A high kurtosis distribution has a sharper "peak" and fatter "tails", while a low kurtosis distribution has a more rounded peak with wider "shoulders".

Distributions with zero kurtosis are called mesokurtic. The most prominent example of a mesokurtic distribution is the normal distribution family, regardless of the values of its parameters. A few other well-known distributions can be mesokurtic, depending on parameter values: for example the binomial distribution is mesokurtic for $p = 1/2 \pm \sqrt{1/12}$.

A distribution with positive kurtosis is called leptokurtic. In terms of shape, a leptokurtic distribution has a more acute "peak" around the mean (that is, a higher probability than a normally distributed variable of values near the mean) and "fat tails" (that is, a higher probability than a normally distributed variable of extreme values). Examples of leptokurtic distributions include the Laplace distribution and the logistic distribution.

A distribution with negative kurtosis is called platykurtic. In terms of shape, a platykurtic distribution has a smaller "peak" around the mean (that is, a lower probability than a normally distributed variable of values near the mean) and "thin tails" (that is, a lower probability than a normally distributed variable of extreme values).
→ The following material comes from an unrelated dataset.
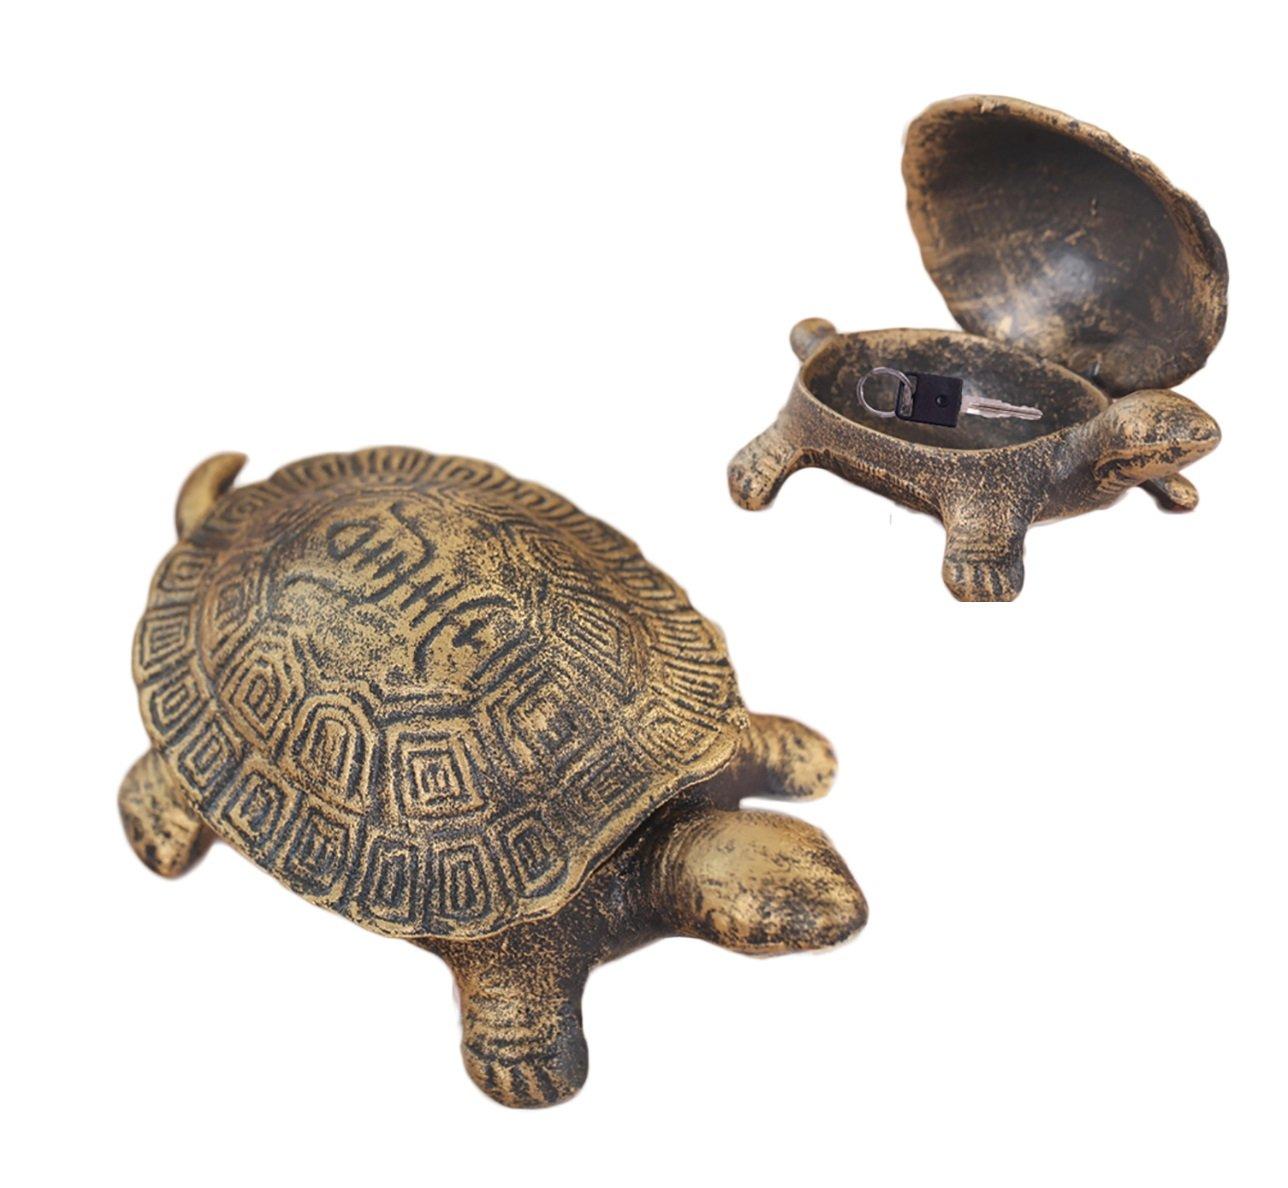 Greekアートガーデン装飾Turtle Cast IronキーセーフキーHiderストーンDiversion外側Hider hide-a-keyホルダー安全にスペアキー非表示に屋外の庭やYard , Geocaching S B0788FJBZQ Turtle B Turtle B

Examples of platykurtic distributions include the continuous uniform distribution, and the Maxwell-Boltzmann distribution.

## Sample kurtosis

For a sample of n values the sample kurtosis is

$g_2 = \frac{m_4}{m_{2}^2} -3 = \frac{n\,\sum_{i=1}^n (x_i - \overline{x})^4}{\left(\sum_{i=1}^n (x_i - \overline{x})^2\right)^2} - 3$

where m4 is the fourth sample moment about the mean, m2 is the second sample moment about the mean (that is, the sample variance), xi is the ith value, and $\overline{x}$ is the sample mean.

## Estimators of population kurtosis

Given a sub-set of samples from a population, the sample kurtosis above is a biased estimator of the population kurtosis. The usual estimator of the population kurtosis (used in SAS, SPSS, and Excel but not by MINITAB or BMDP) is G2, defined as follows:

 $G_2 \!\!\!\!$ $= \frac{k_4}{k_{2}^2}\!$ $= \frac{n^2\,((n+1)\,m_4 - 3\,(n-1)\,m_{2}^2)}{(n-1)\,(n-2)\,(n-3)} \; \frac{(n-1)^2}{n^2\,m_{2}^2}\!$ $= \frac{n-1}{(n-2)\,(n-3)} \left( (n+1)\,\frac{m_4}{m_{2}^2} - 3\,(n-1) \right)\!$ $= \frac{n-1}{(n-2) (n-3)} \left( (n+1)\,g_2 + 6 \right)\!$ $= \frac{(n+1)\,n\,(n-1)}{(n-2)\,(n-3)} \; \frac{\sum_{i=1}^n (x_i - \bar{x})^4}{\left(\sum_{i=1}^n (x_i - \bar{x})^2\right)^2} - 3\,\frac{(n-1)^2}{(n-2)\,(n-3)}\!$ $= \frac{(n+1)\,n}{(n-1)\,(n-2)\,(n-3)} \; \frac{\sum_{i=1}^n (x_i - \bar{x})^4}{k_{2}^2} - 3\,\frac{(n-1)^2}{(n-2) (n-3)} \!$

where k4 is the unique symmetric unbiased estimator of the fourth cumulant, k2 is the unbiased estimator of the population variance, m4 is the fourth sample moment about the mean, m2 is the sample variance, xi is the ith value, and $\bar{x}$ is the sample mean. Unfortunately, $G_2$ is itself generally biased. For the normal distribution it is unbiased because its expected value is then zero.